----- Data segment

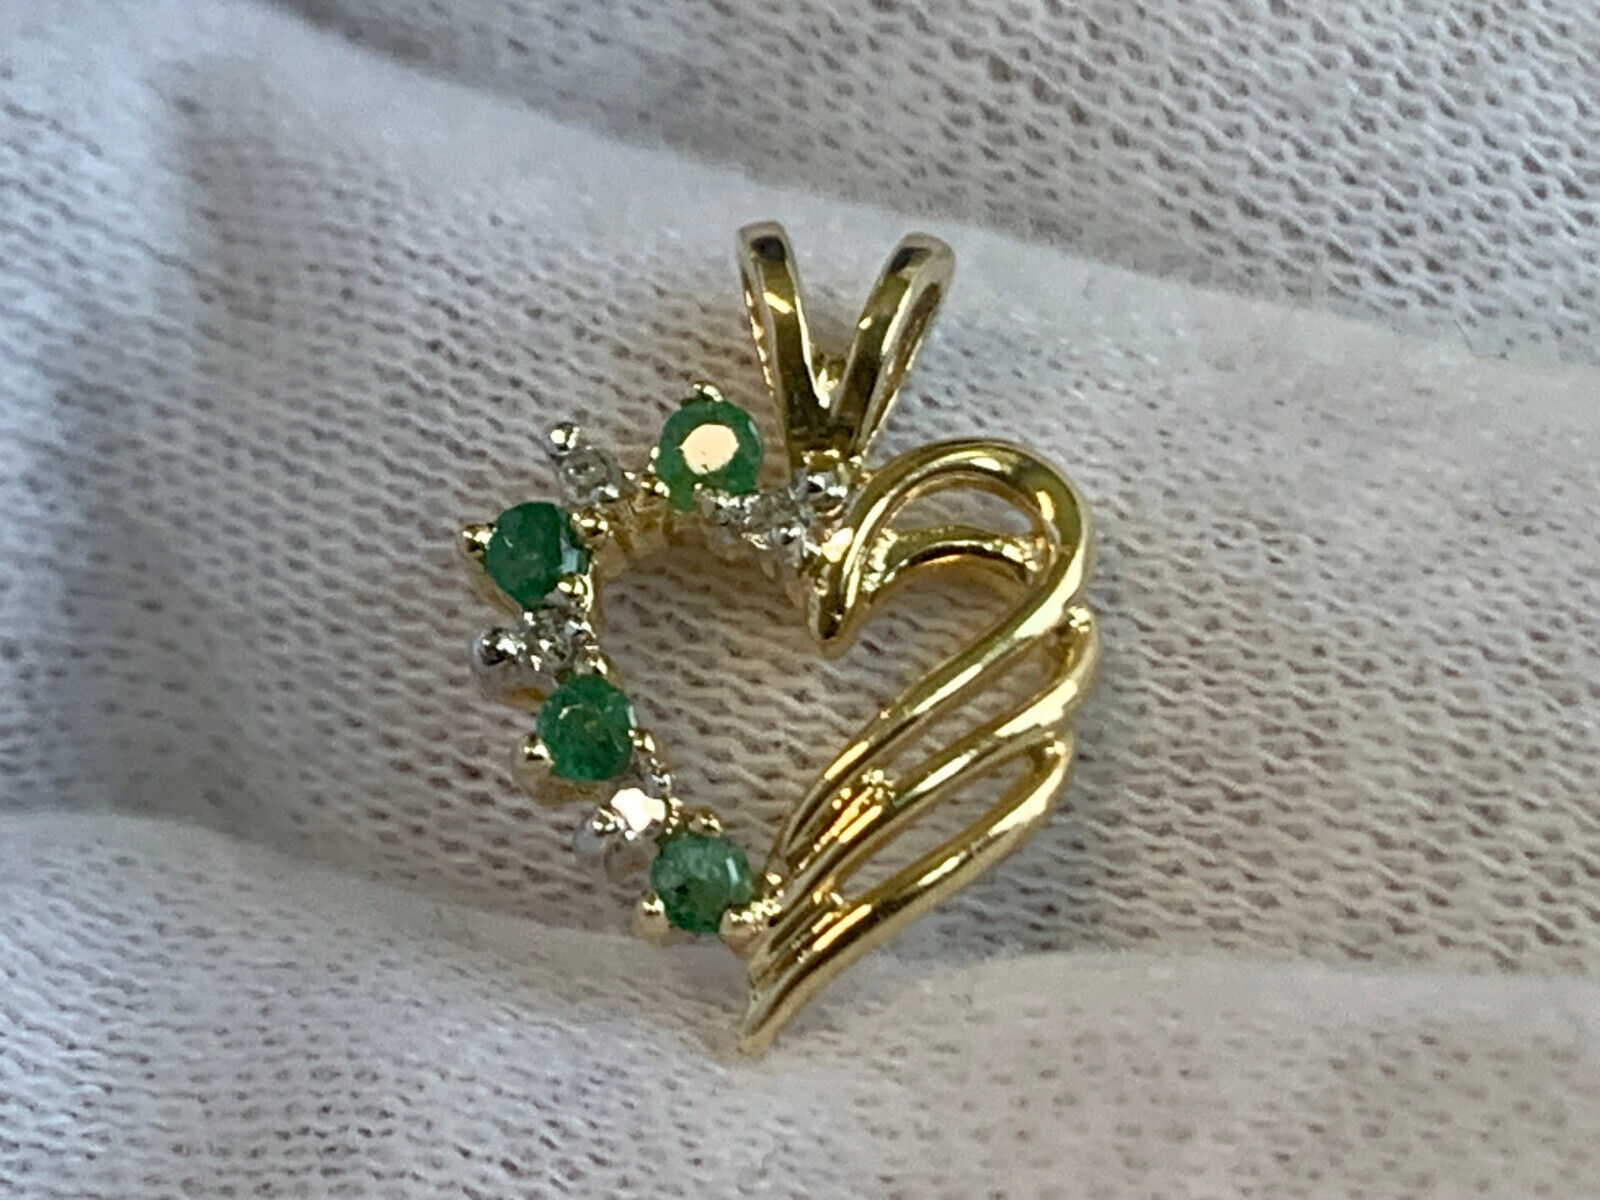 10K Yellow Gold Heart Pendant 1.16g Fine Jewelry Clear & Emerald Color Stones - $69.25
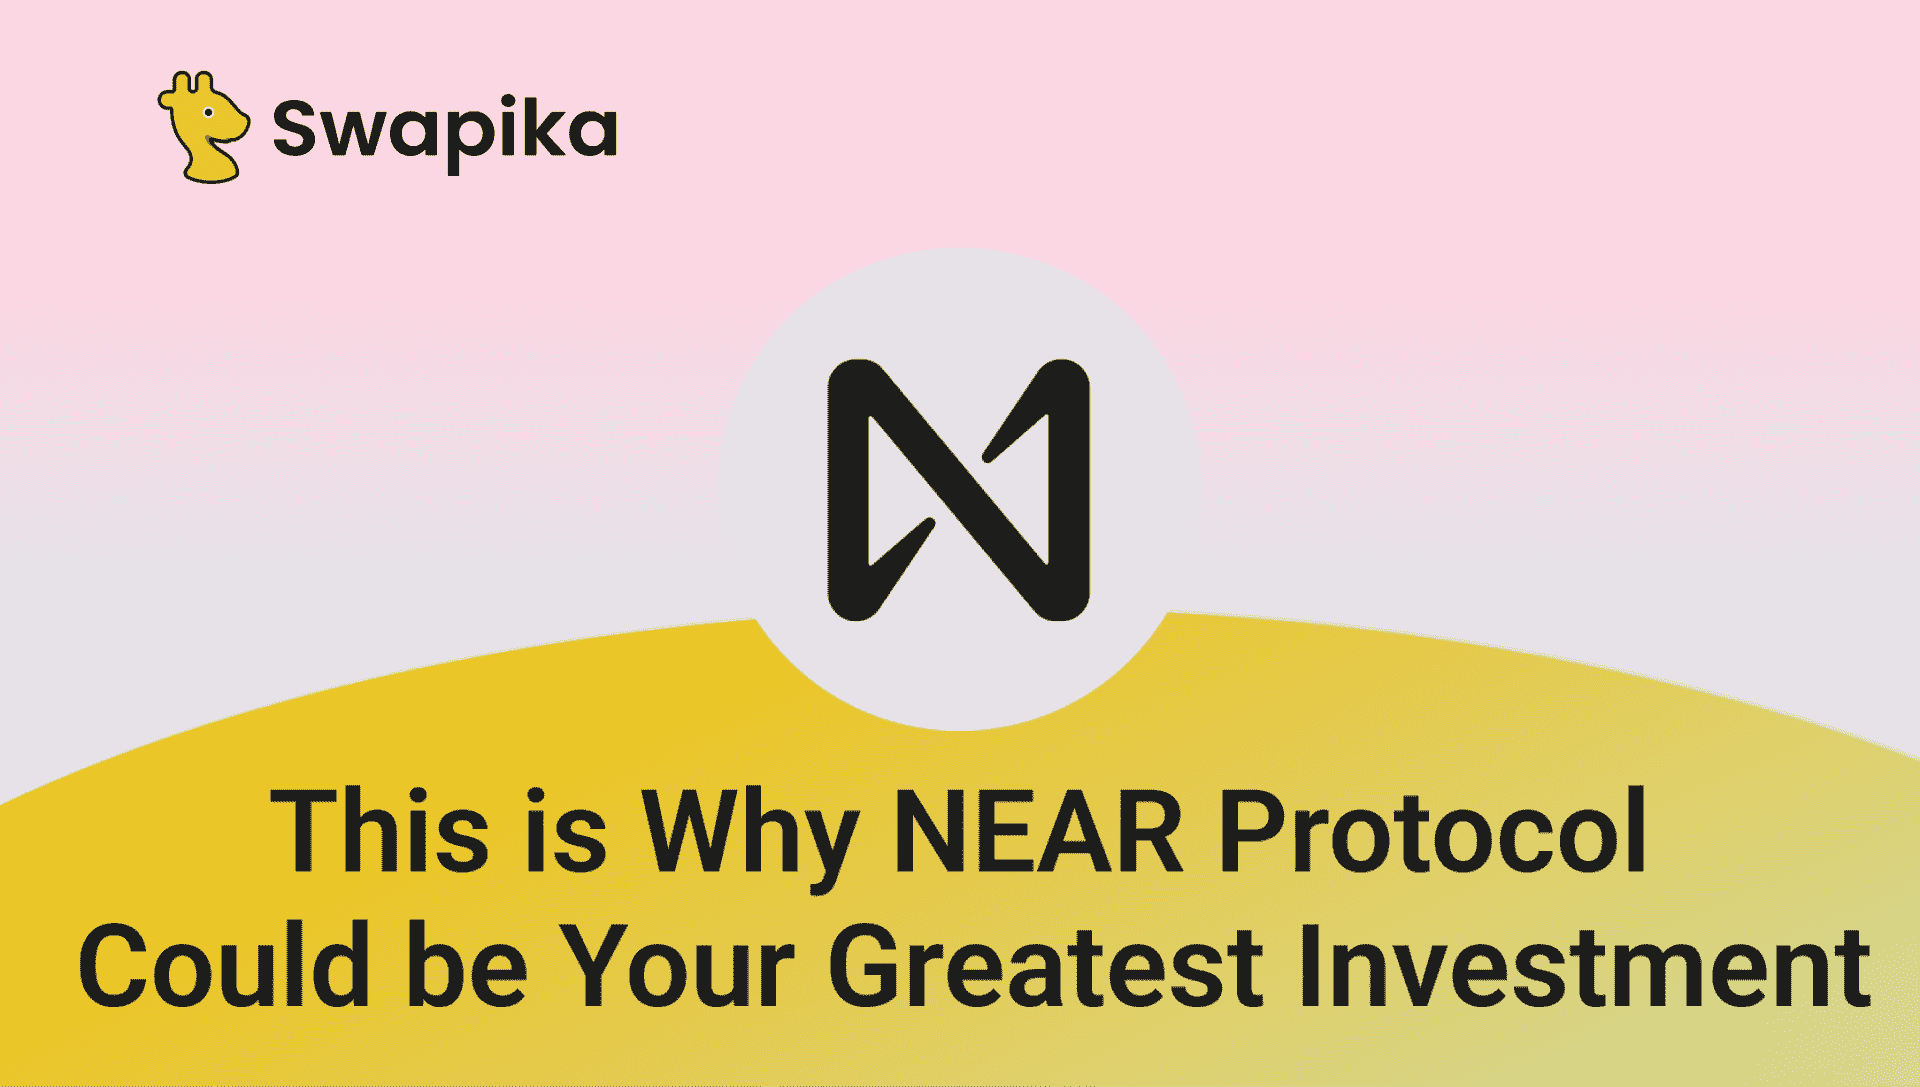 This is Why NEAR Protocol Could be Your Greatest Investment
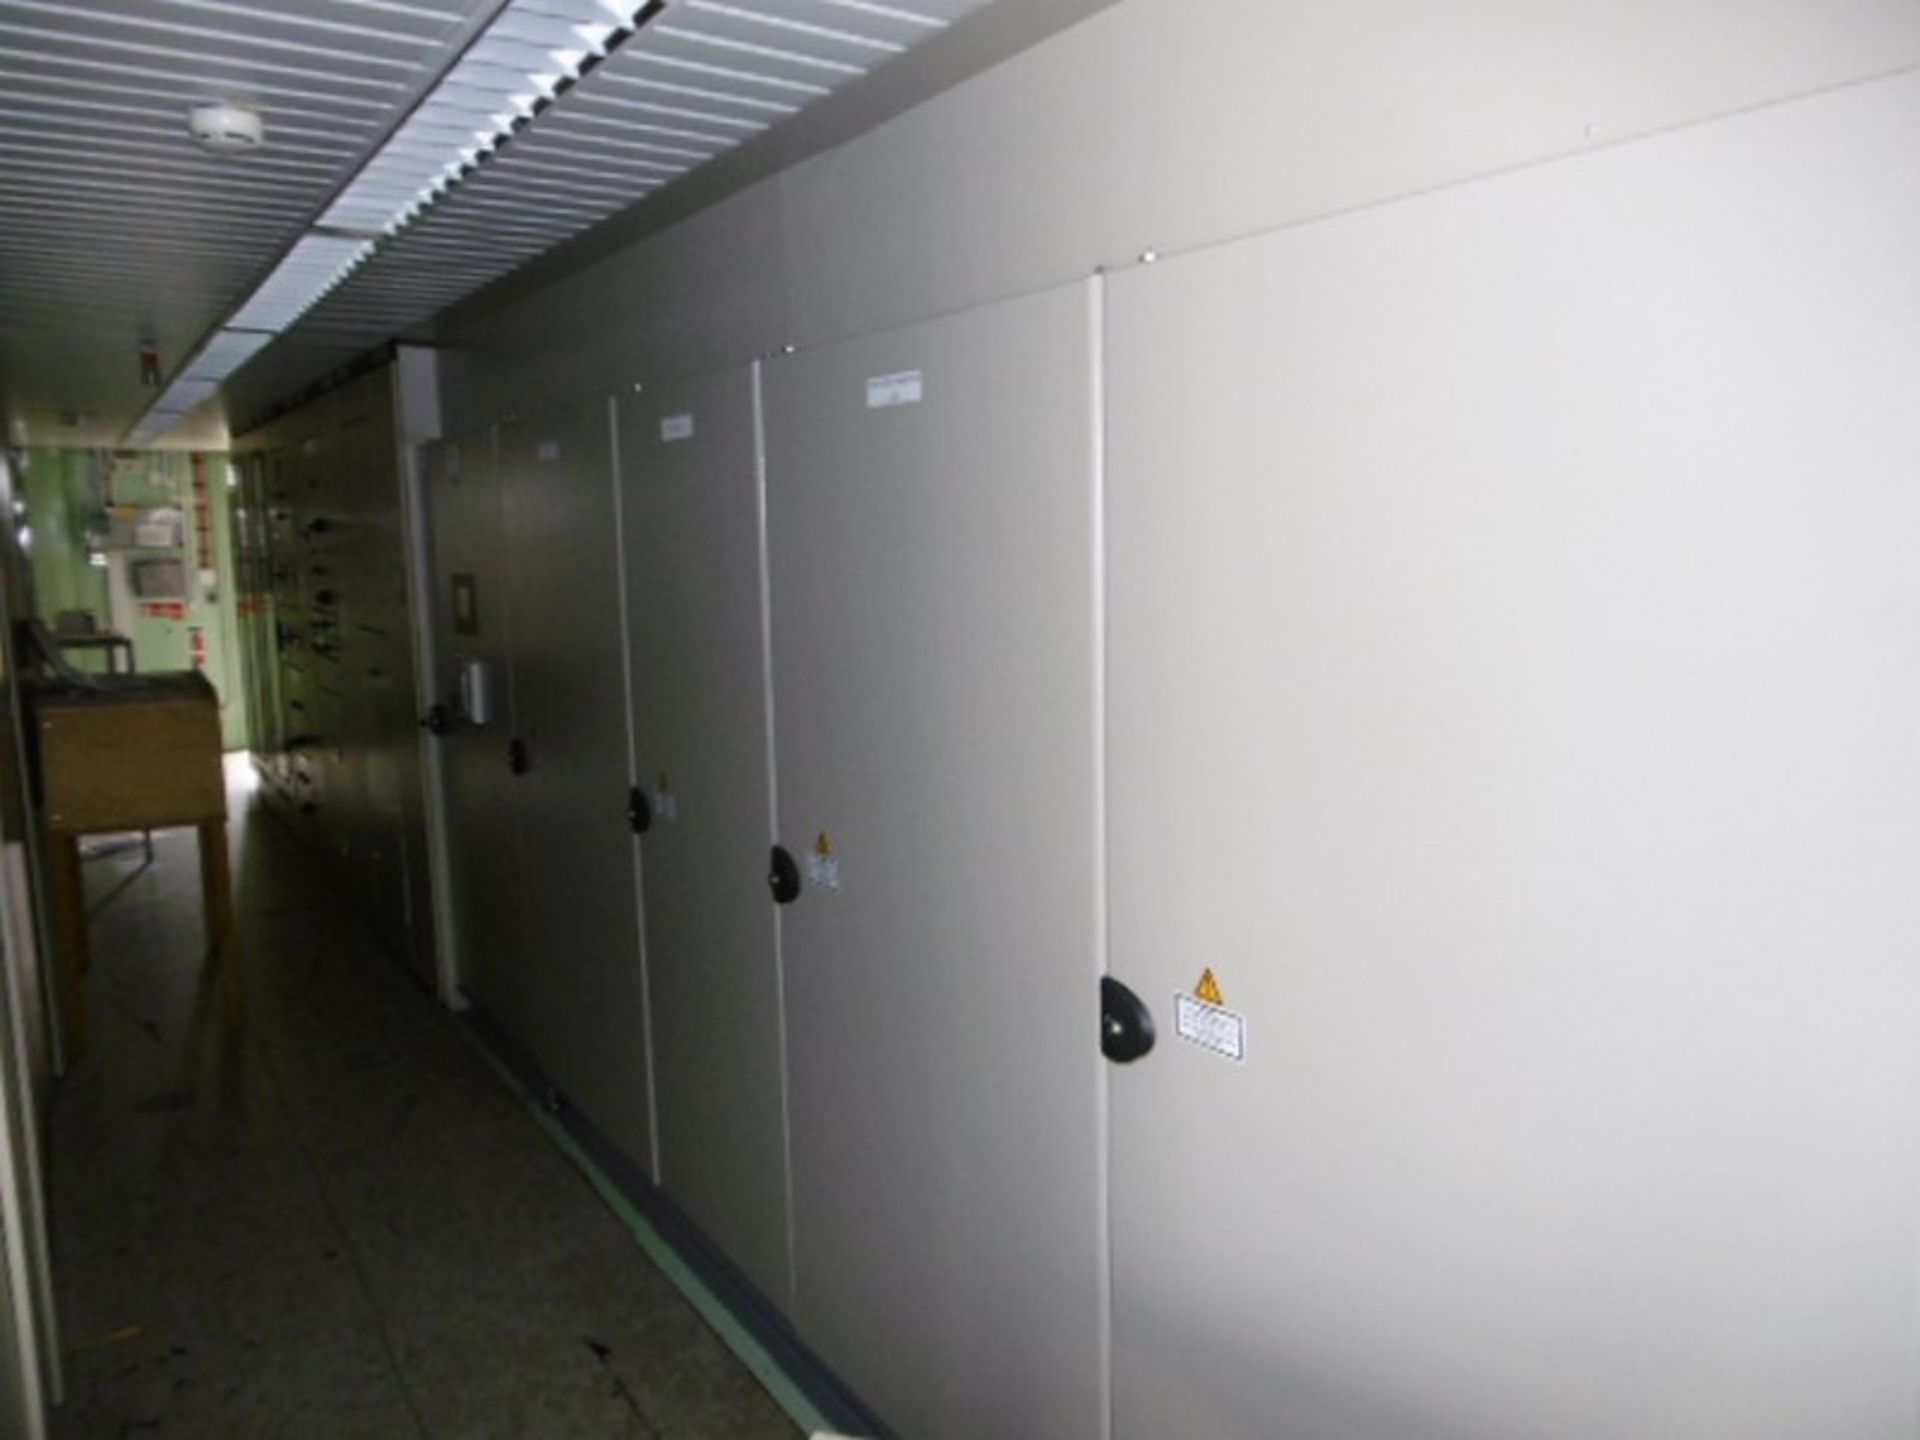 Large Qty Switchgear - From Gas Turbine 1 Control Module Building - Image 4 of 33

----------

* _Work order_
Starting from the line where "This is Why" appears, copy every line through the end of the material, both ends included, but no pictures.

* _Solution_
 This is Why NEAR Protocol Could be Your Greatest Investment
 Large Qty Switchgear - From Gas Turbine 1 Control Module Building - Image 4 of 33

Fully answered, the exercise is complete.